Assume that the Poisson distribution applies and that the mean number of hurricanes in a certain area is 5.4 per year. a. Find the probability​ that, in a​ year, there will be 3 hurricanes. b. In a 45​-year ​period, how many years are expected to have 3 ​hurricanes? c. How does the result from part​ (b) compare to a recent period of 45 years in which 5 years had 3 ​hurricanes? Does the Poisson distribution work well​ here?

Answer 1

Answer:

a) There is a probability of 12% that 3 hurricanes happens in any year.

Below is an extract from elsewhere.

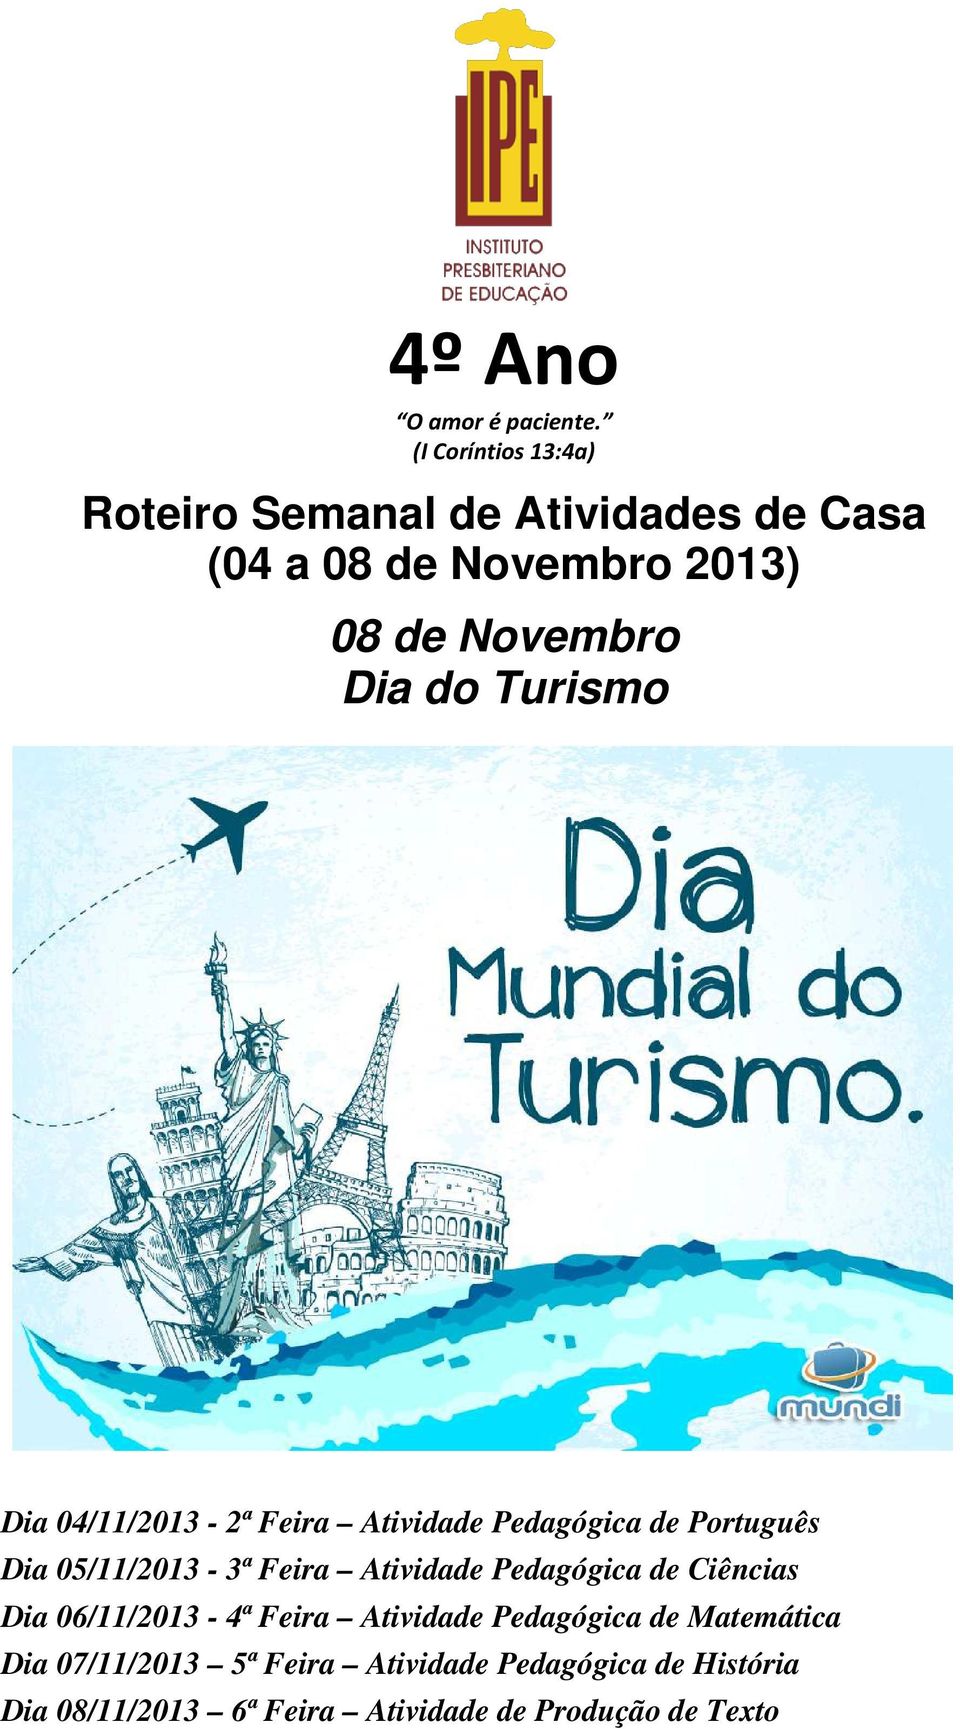 Turismo Dia 04/11/2013-2ª Feira Atividade Pedagógica de Português Dia 05/11/2013-3ª Feira Atividade

b) It is expected that 5.4 years in a period of 45 years have 3 hurricanes.

c) The Poisson distribution work well in predicting this kind of events.

Step-by-step explanation:

The Poisson distribution has the following expression

$P(x=k)=\frac{\lambda^ke^{-\lambda}}{k!}$

In this case we have $\lambda=5.4$. The probability that, in a year, there will be 3 hurricanes is:

$P(x=3)=\frac{5.4^3e^{-5.4}}{3!}=\frac{0.71}{6}=0.12$

There is a probability of 12% that 3 hurricanes happens in any year.

If we take a period of 45 years, the expected amount of years with 3 hurricanes can be estimated as:

$Y=45*0.12=5.4$

It is expected that 5.4 years in a period of 45 years have 3 hurricanes.

The Poisson distribution work well in predicting this kind of events.